Contractor: We skipped crucial test on BP oil rig




Contractor Halliburton admitted today that it skipped a crucial test on the final formulation of cement used to seal the BP oil well that blew out in the Gulf of Mexico.

The company, which was BP’s cementing contractor, said that BP at the last minute increased the amount of a critical ingredient in the cement mix.

While an earlier test showed the cement was stable, the company never performed a stability test on the new blend.

The cement’s failure to prevent oil and gas from entering the Deepwater Horizon well has been identified as one of the causes of the April 20 disaster which killed 11 workers and led to the largest offshore oil spill in US history.

Halliburton made the admission in a six-page statement issued in response to findings by US president Barack Obama’s oil-spill commission.

Commission investigators said last night that tests performed before the deadly blowout should have raised doubts about the cement used to seal the well.

It was the first finding from the commission looking into the causes of the explosion.

That appeared to conflict with earlier statements made by Halliburton, which said its tests showed the cement mix was stable. The company instead blamed BP’s well design and operations for the disaster.

The cement mix’s failure to prevent oil and gas from entering the well has been identified by BP and others as one of the causes of the accident.

BP and Halliburton decided to use a foam slurry created by injecting nitrogen into cement to secure the bottom of the well, a decision outside experts have criticised.

The panel said that of four tests done in February and April by Halliburton, only one – the last – showed the mix would hold. But the results of that single successful test were not shared with BP and may not have reached Halliburton before the cement was pumped, according to a letter sent to commissioners by chief investigative counsel Fred Bartlit.

BP had at the time of the blowout the results of only one of the tests – a February analysis sent by Halliburton in a March 8 email that indicated the cement could fail.

The slurry tested in that case was a slightly different blend and assumed a slightly different well design, but there was no indication that Halliburton flagged the problem for BP, or that BP had concerns, the letter said.

“Halliburton (and perhaps BP) should have considered redesigning the foam slurry before pumping it at the Macondo well,” Mr Bartlit wrote.

Independent tests conducted for the commission by Chevron on a nearly identical mixture were also released. The results concluded that the cement mix was unstable, raising questions about the validity of Halliburton’s final test.

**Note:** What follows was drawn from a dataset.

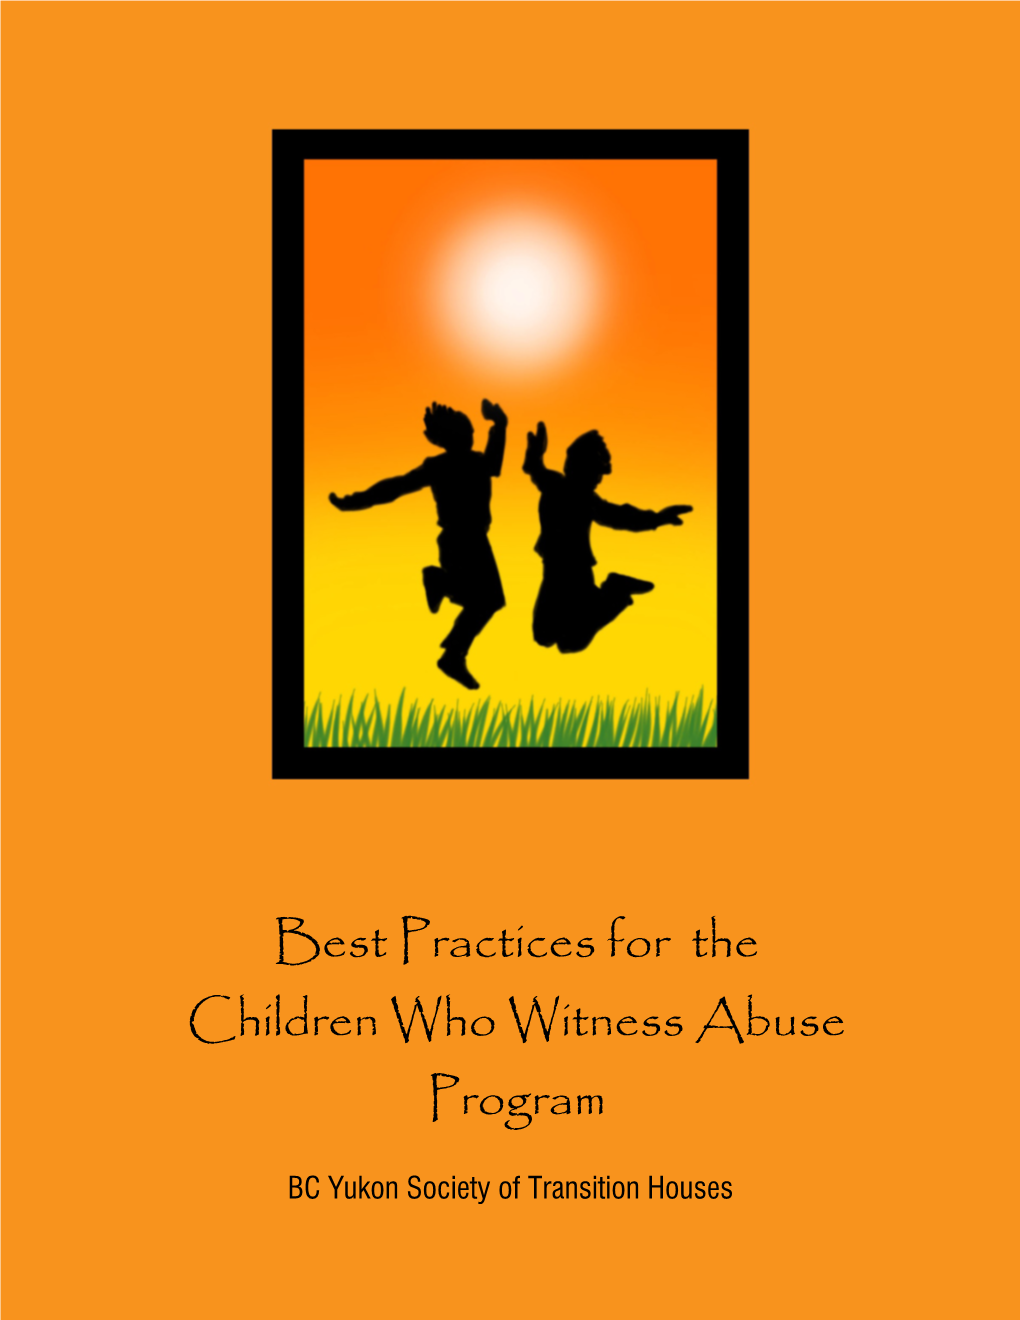 Best Practices for the Children Who Witness Abuse Program

BP, as part of its internal investigation, also conducted independent tests that showed the cement mix was flawed, but its analysis was criticised by Halliburton, which said it was not the correct formula. BP’s report also mentioned a cement test Halliburton performed in mid-April, but it appears BP obtained the results after the accident and considered its methods flawed.

By contrast, the commission obtained proprietary additives from Halliburton as well as a recipe to recreate the slurry that was used on the well. One and a half gallons of the actual mix used on the rig remain, but it is being held as evidence in criminal and civil investigations.

In evidence before the joint Coast Guard-Bureau of Ocean Energy Management investigative panel, Halliburton engineer Jesse Gagliano, when asked if he would pour the same cement again, said he would.

“I am comfortable with the slurry design,” he said.

The independent investigators do not address other decisions that could have contributed to the cement’s failure, such as BP’s decision to use fewer centralisers than recommended by Halliburton.

Centralisers make sure the well’s piping is centred inside the well so the cement bonds correctly.

BP has also been criticised for not performing a cement bond long, a test that checks after the cement is pumped down whether it is secure. There are also questions about whether BP pumped down enough cement to seal off the bottom of the well, which was located more than three miles below sea level.